После скрупулезного и подробного описания биографии Будды, в которой он стремился «вылущить историческое зерно из массы буддийских легенд» (С. XII), автор подводит итог: «устранив все чудесные события, все очевидные мифические черты и преувеличения, в остатке мы увидим перед собой не... верховного наставника всех миров и всех народов, а только лишь одного из многих мыслителей человечества, хотя и ревностного и самоотверженного... однако и по рождению и по природе и по существу своему такого же слабого, бедного, болезненного, грешного и смертного человека, как и все» (С. 278).
Горохов переходит к критике популярной тогда теории о заимствовании евангелистами и апостолами буддистских сказаний, в подтверждение которой разными авторами приводились пункты сходств в жизнеописаниях Будды и Христа. В отличие от апологетов-предшественников, Горохов хорошо знаком с содержанием и текстологией буддистского канона, что дает ему возможность опровергать доводы оппонентов опираясь на чисто формальные научные факты.
Горохов указывает, что в действительности отец Будды Суддходана имел очень скромные владения, признавал власть царя Косалы, и был мелким князем или вождем племени, «но только не царем или королем в нашем смысле этого слова» (С. 247). Поэтому и указывать происхождение из царского рода как сходство между Буддой и Христом некорректно.
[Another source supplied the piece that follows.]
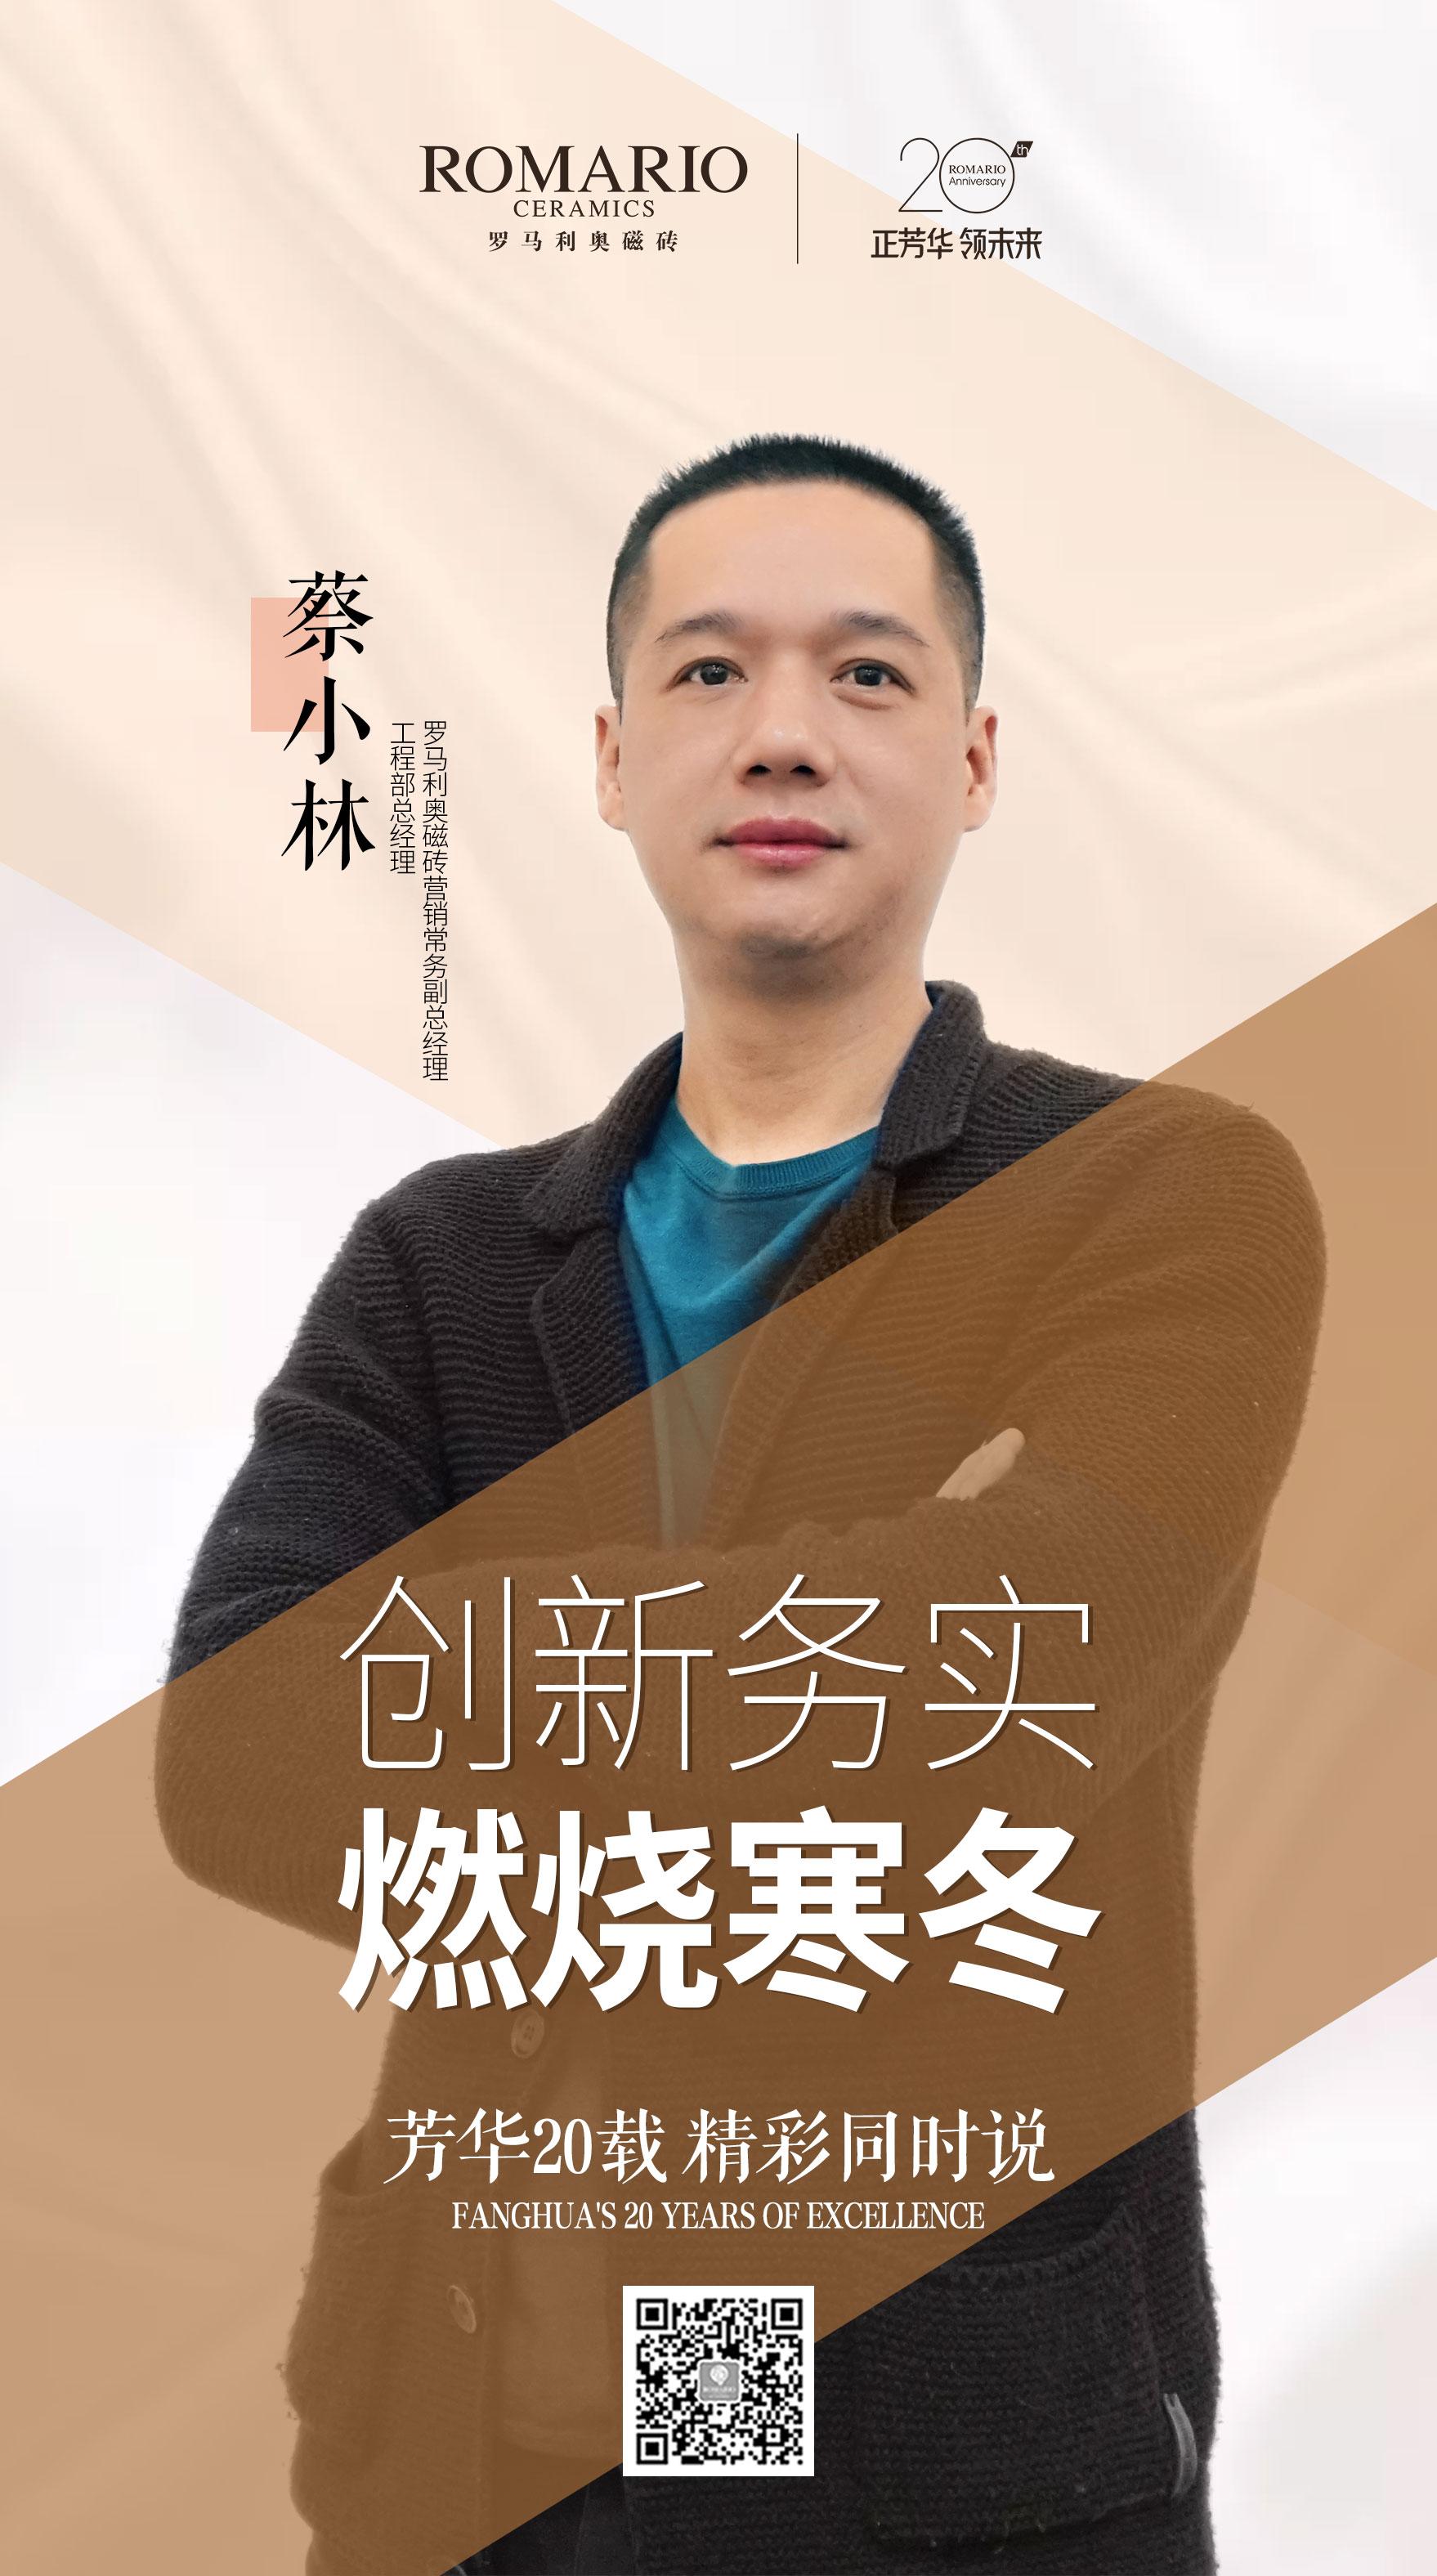 3-罗马利奥磁砖营销常务副总经理兼工程部总经理蔡小林

Переходя к рождению Будды, автор опровергает распространяемую теософами идею о том, что мать Будды была девственницей – «нигде в буддийских текстах, – ни в санскритских, ни в палийских, – мать Будды Махамайя не названа девою... совершенно напротив, самым ясным и решительным образом засвидетельствована ее подлинная супружеская жизнь с царем Суддходаной» (Сс. 242–243).
Совпадения в рассказах о рождении и принесении во храм Будды и Христа автор считает, в противоположность Зейделю и Лиллье, заимствованиями из христианства, указывая на то, что детали, связанные с рождением Будды, встречаются «только в позднейших биографиях, главным образом в северных, появившихся после V века по Р.Х., т.е. с того времени, когда «несторианские христиане уже проникли в Монголию и успели познакомить многих со своим учением76
» (С. 245), а сказание о принесении Будды-младенца в храм, появляется только в «Лалитавистаре начиная с III века после Р.Х.» (С. 250).Относительно сопоставления историй искушения Будды демоном Марой с искушением Христа диаволом в пустыне, Горохов признает определенное сходство, но говорит, что «о влиянии буддийского предания на христианское сказание об искушении Иисуса Христа, конечно, не может быть и речи: против того и несоизмеримое отличие евангельского искушения от буддийского по существу и неоспоримые данные внешнего порядка – составление большинства буддистских свидетельств уже после Рождества Христова» (С. 262). Он предполагает, что буддистское сказание могло быть отображением древнего «предания о первообетовании касательно Искупителя», либо оказалось заимствовано из христианства (С. 263).
Относительно легенд о том, что речь Будды могли понимать люди из всех народов каждый на своем языке, которые Зейдель выставляет как источник рассказа книги Деяний о чудесном говорении апостолов на языках, Горохов говорит, что это несостоятельно «уже по тому одному, что они не содержатся ни в одной из древних биографий Будды и приводятся только в сингалезских произведениях XII-XV вв. по Р.Х.» (С. 273).
То же самое апологет говорит и о китайском сказании про схождение Будды в бездну Авичи для проповеди ее обитателям, которую Лиллье выставляет как источник для апостольского учения о схождении Христа во ад. Это «позднейший плод собственно китайского умозрения... всецело обязанный своим происхождением свойственным необразованным народам склонности к преувеличению и таинственности» (С. 273). Это же Горохов говорит и о предлагаемой Бунзеном как источник рассказа о Преображении буддистской легенде, повествующей, как однажды Будда на о. Цейлон взошел на гору, «сел там под деревом и вдруг озарился таким сильным блеском, что был принят жителями за горного духа» (С. 275). Древность источника, повествующего об этом, не восходит ранее VI века христианской эры. Автор с иронией замечает, что «вслед за «преображением», конечно, нисколько не удивительно, если и «воскресение Христа и Его явление ученикам имеют свой буддийский прототип». Тот же Лиллье находит его в китайской легенде о том, как умерший Будда, поднявшись из гроба, утешал свою спустившуюся с неба и горько плакавшую мать. Но, очевидно, по какому-то роковому стечению обстоятельств и этот «прототип» появился только спустя несколько веков после написания наших евангелий» (С. 276).